(Provided material)

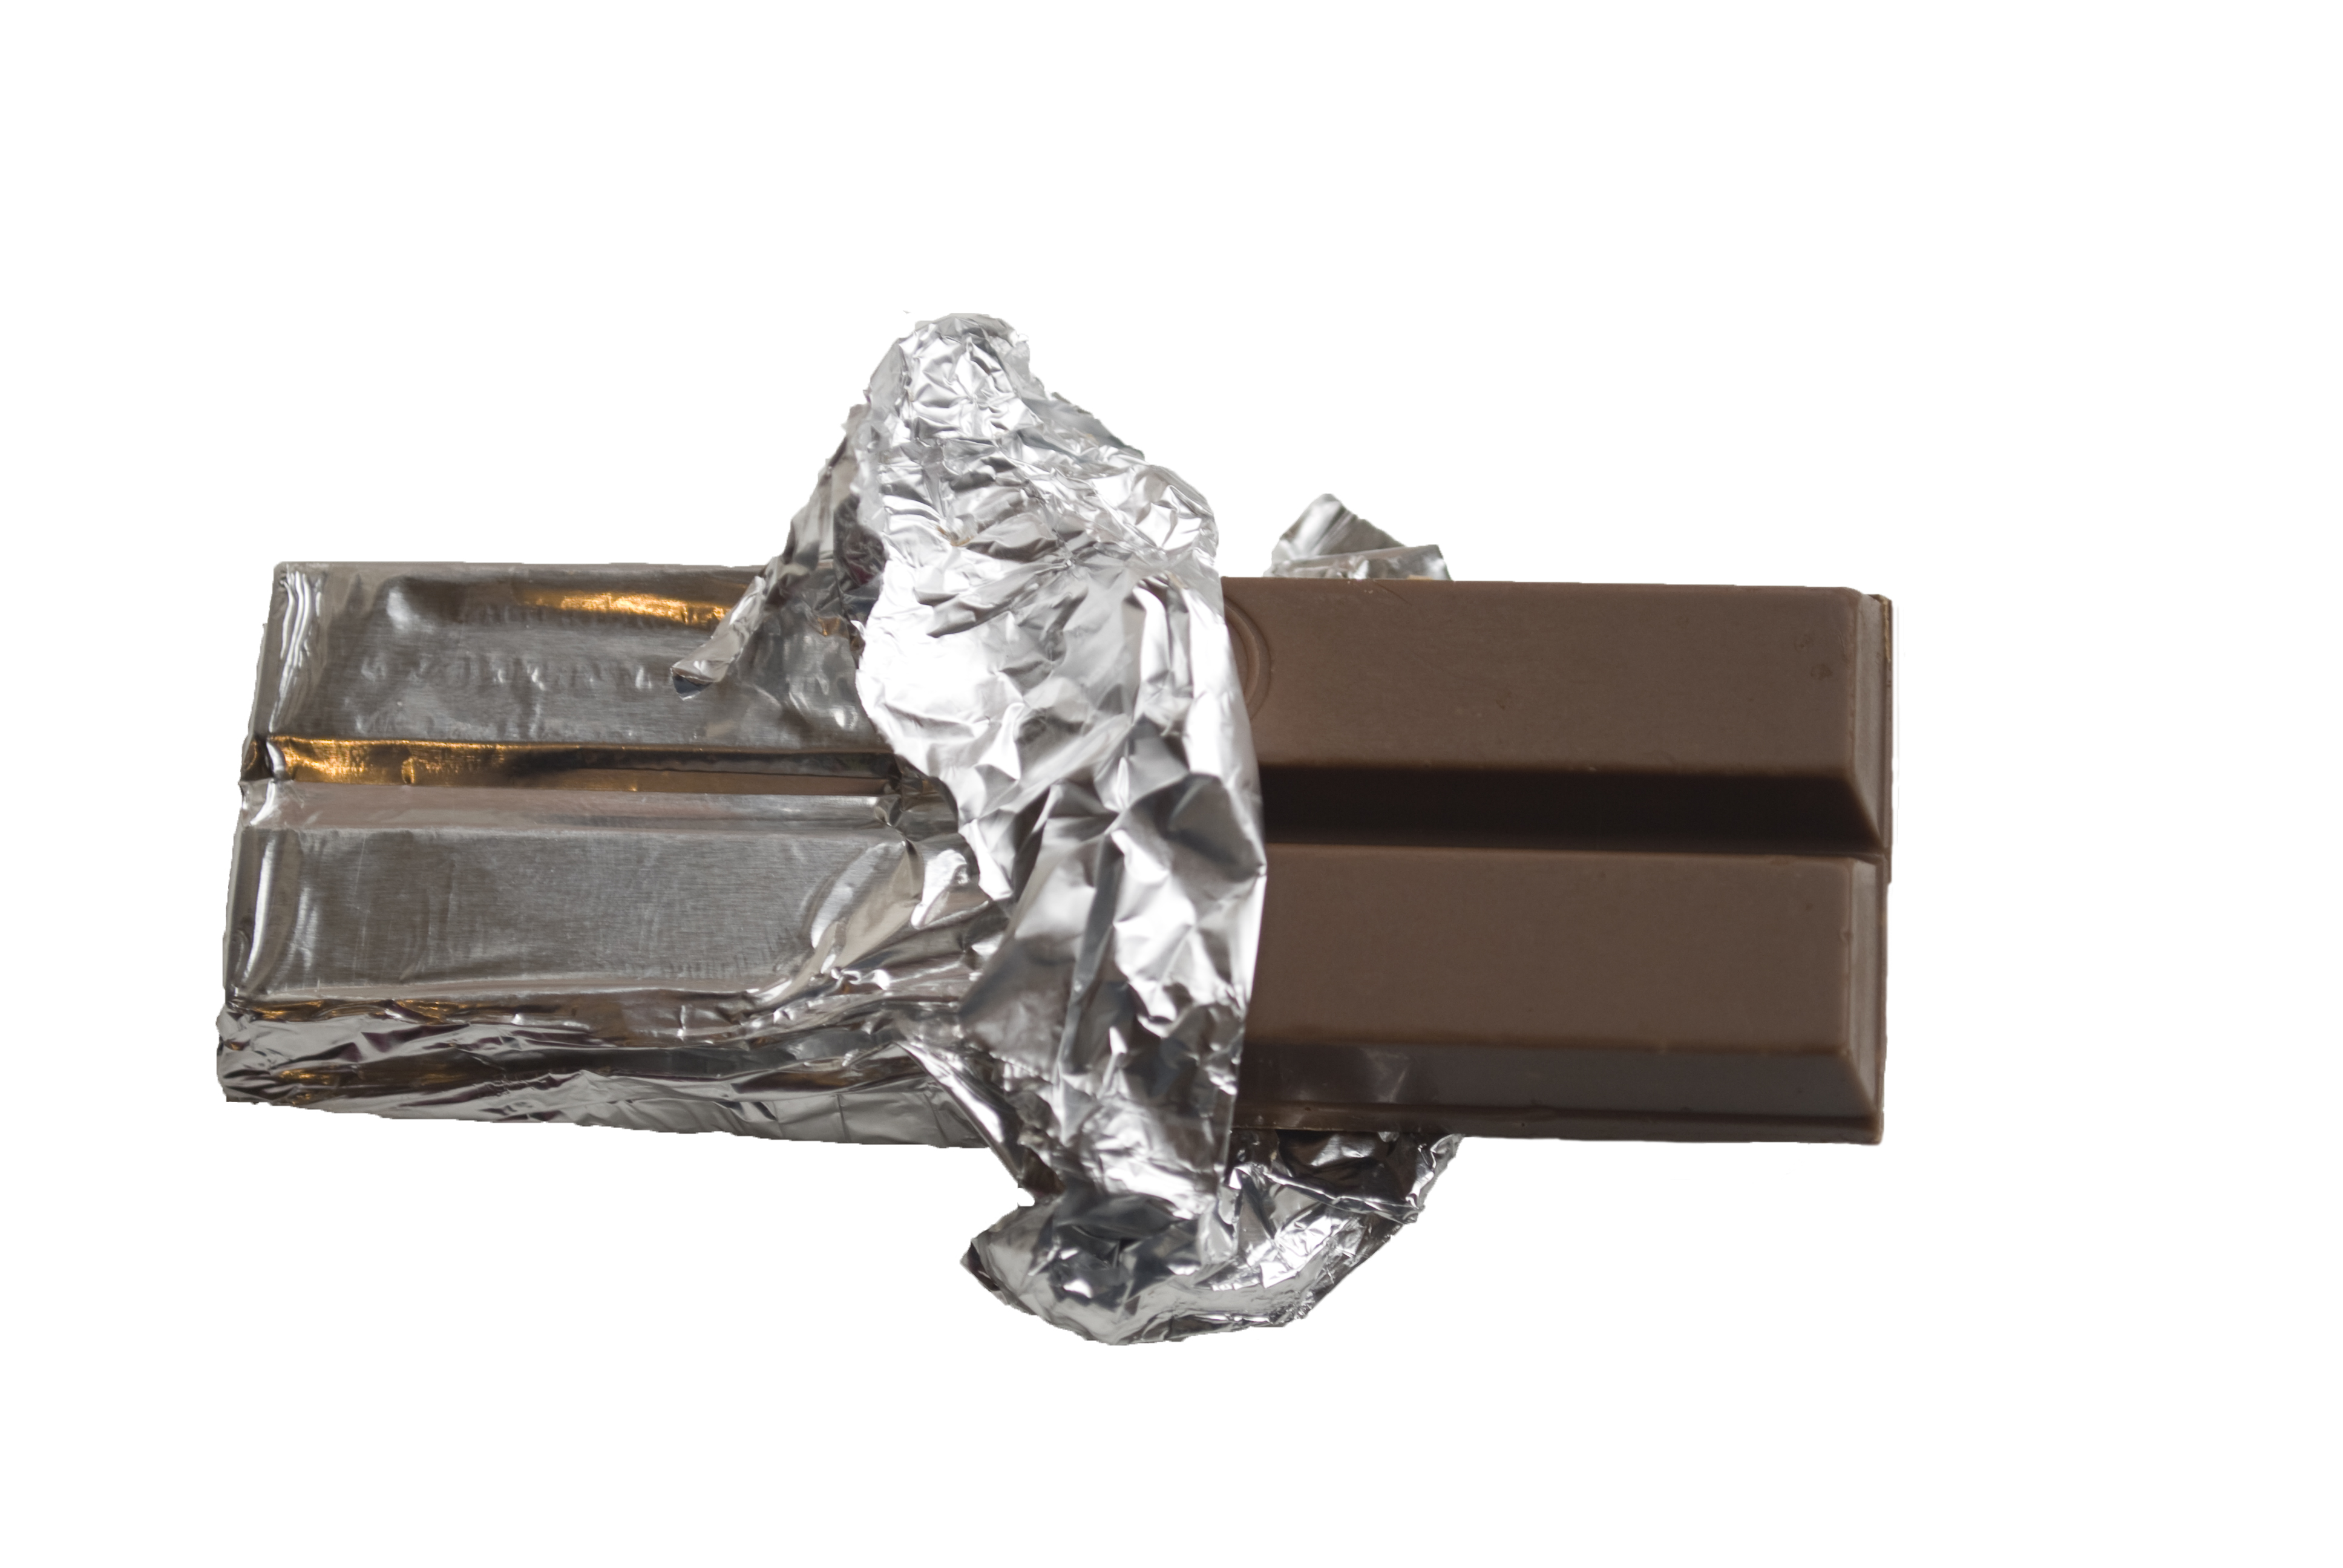 hur många kalorier innehåller en chokladbit
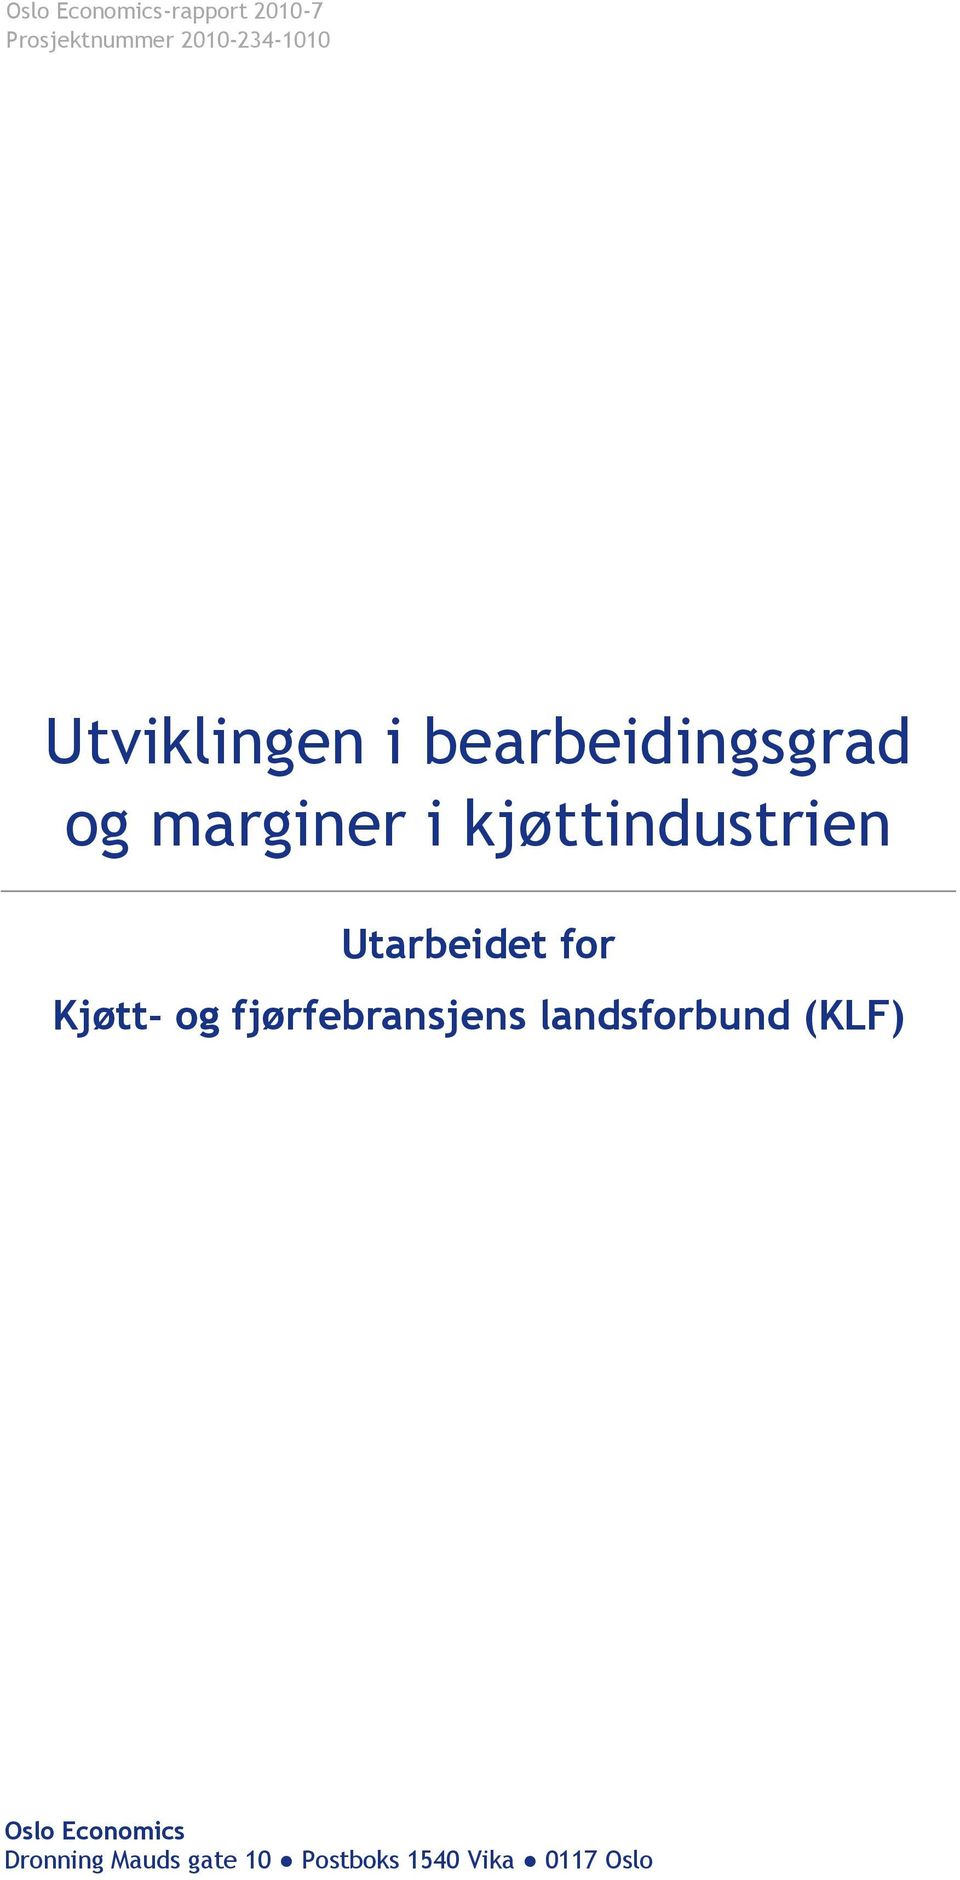 Utarbeidet for Kjøtt- og fjørfebransjens landsforbund (KLF)
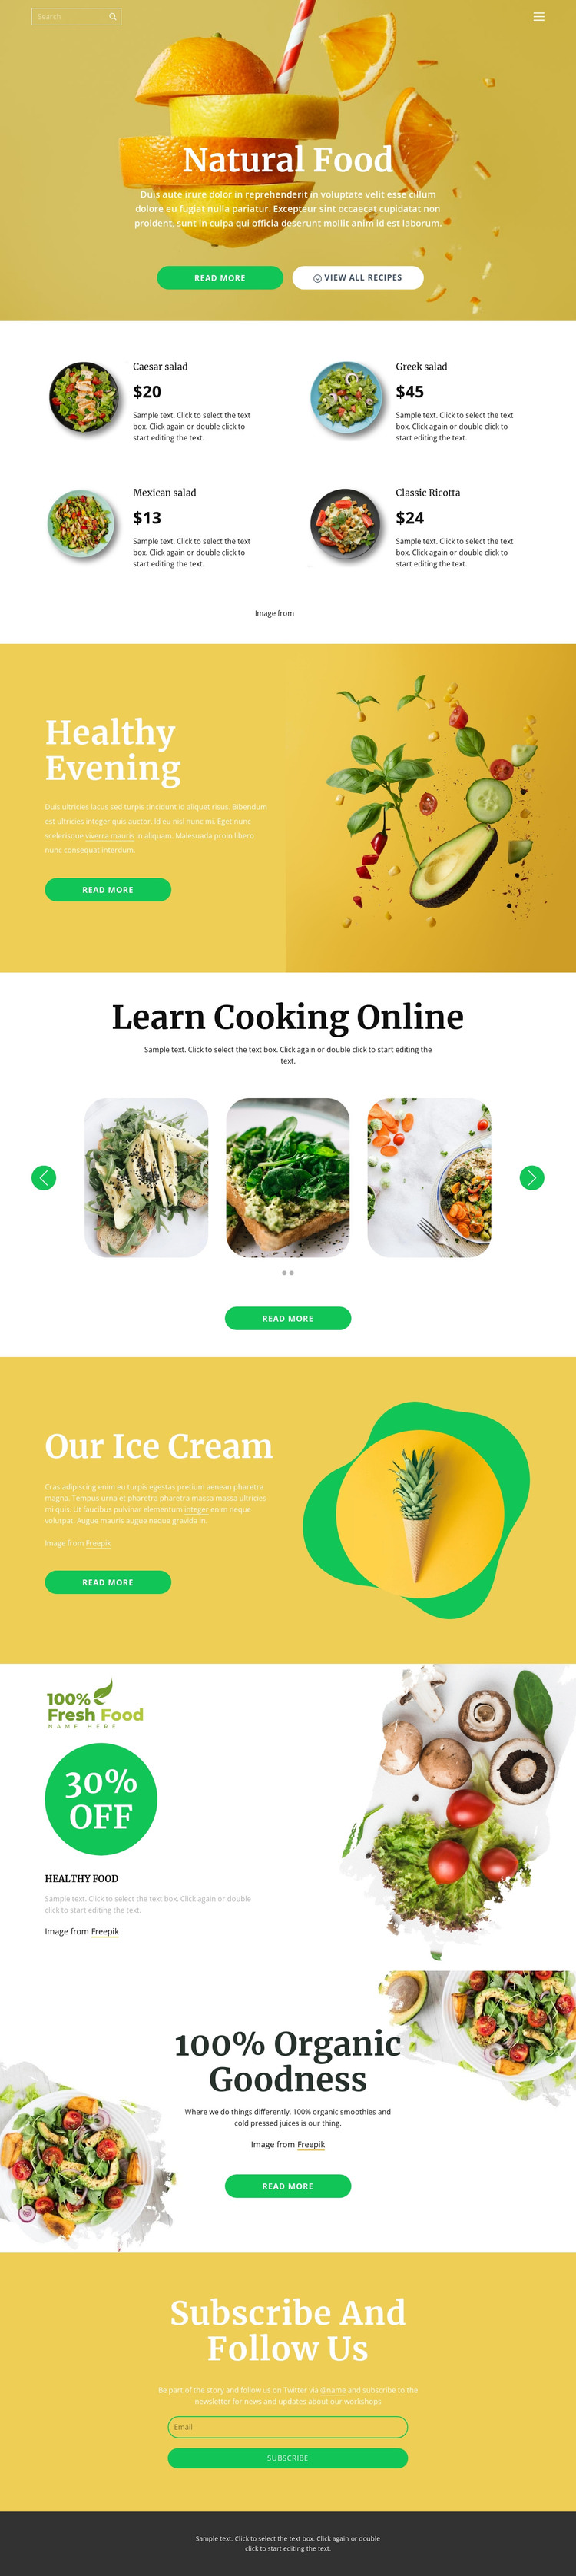 Delicious and healthy food Web Design
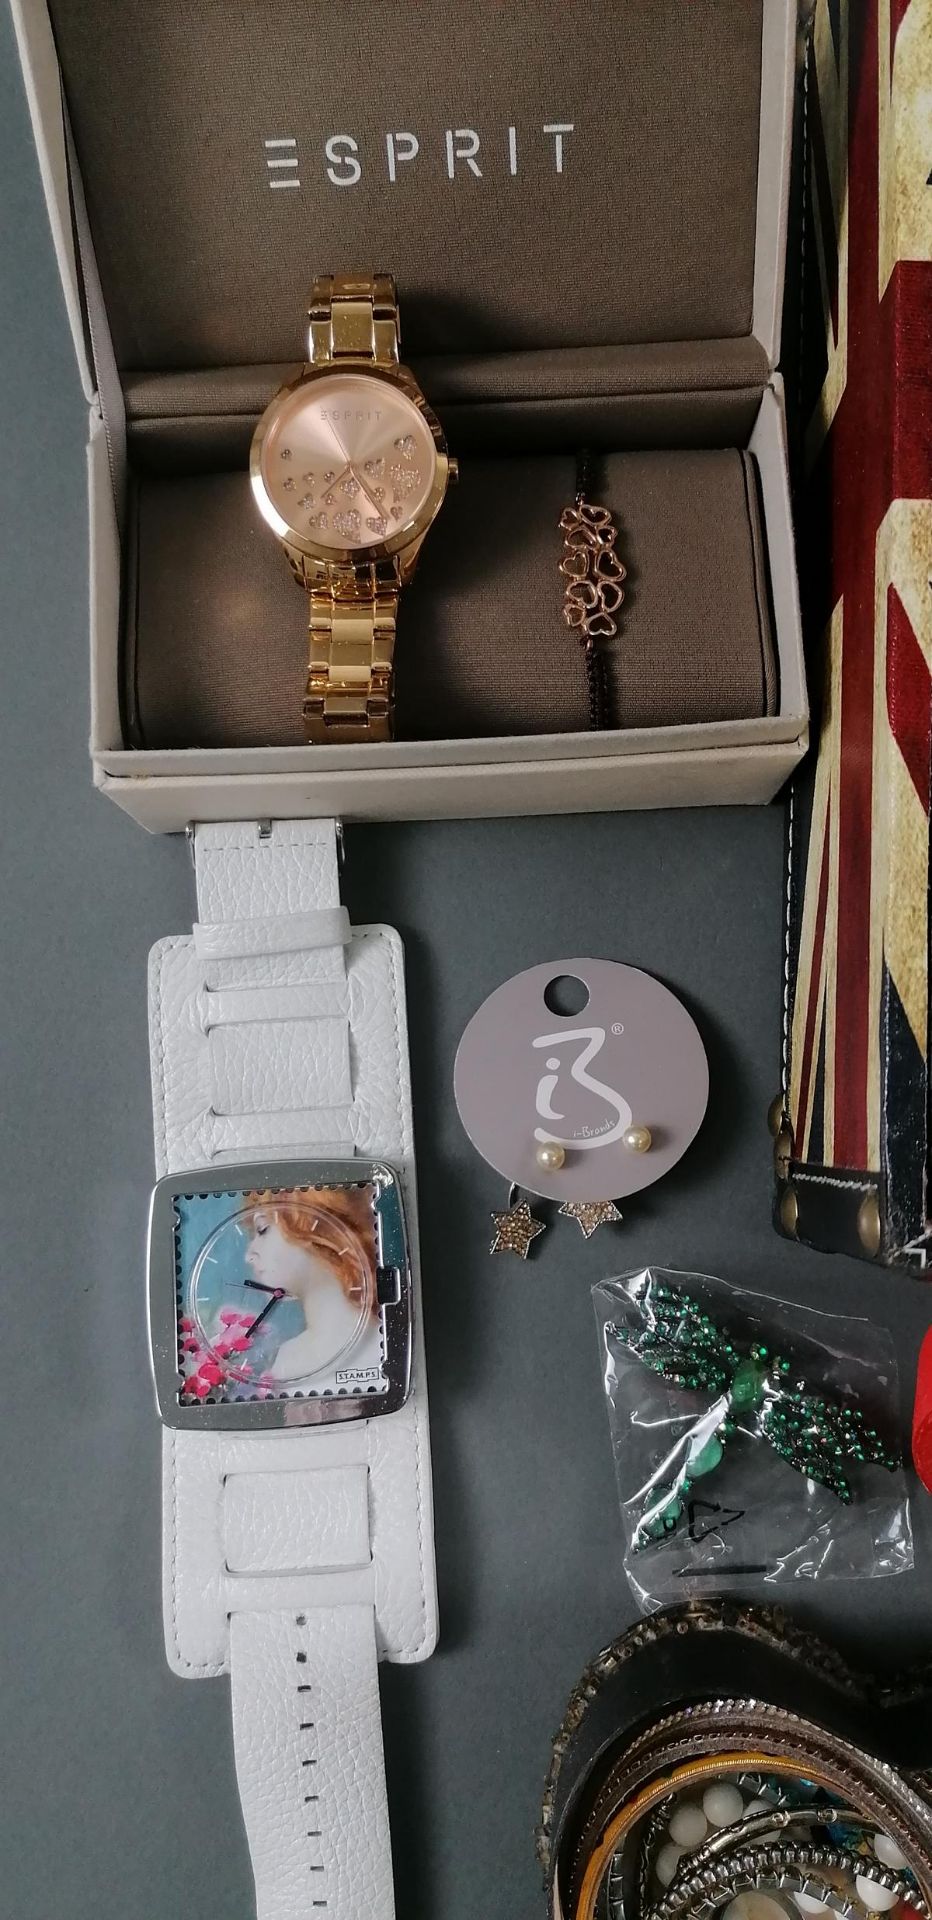 Großes Konvolut Schmuck, Armbanduhren und Modeschmuck im Koffer - Bild 2 aus 11

(End Provided material)

> **Exercise instructions**: If pictures appear in the data, omit them and copy all other parts exactly.

> **Answer to this problem**:
 hur många kalorier innehåller en chokladbit
 Utarbeidet for Kjøtt- og fjørfebransjens landsforbund (KLF)
 Delicious and healthy food Web Design
 Großes Konvolut Schmuck, Armbanduhren und Modeschmuck im Koffer - Bild 2 aus 11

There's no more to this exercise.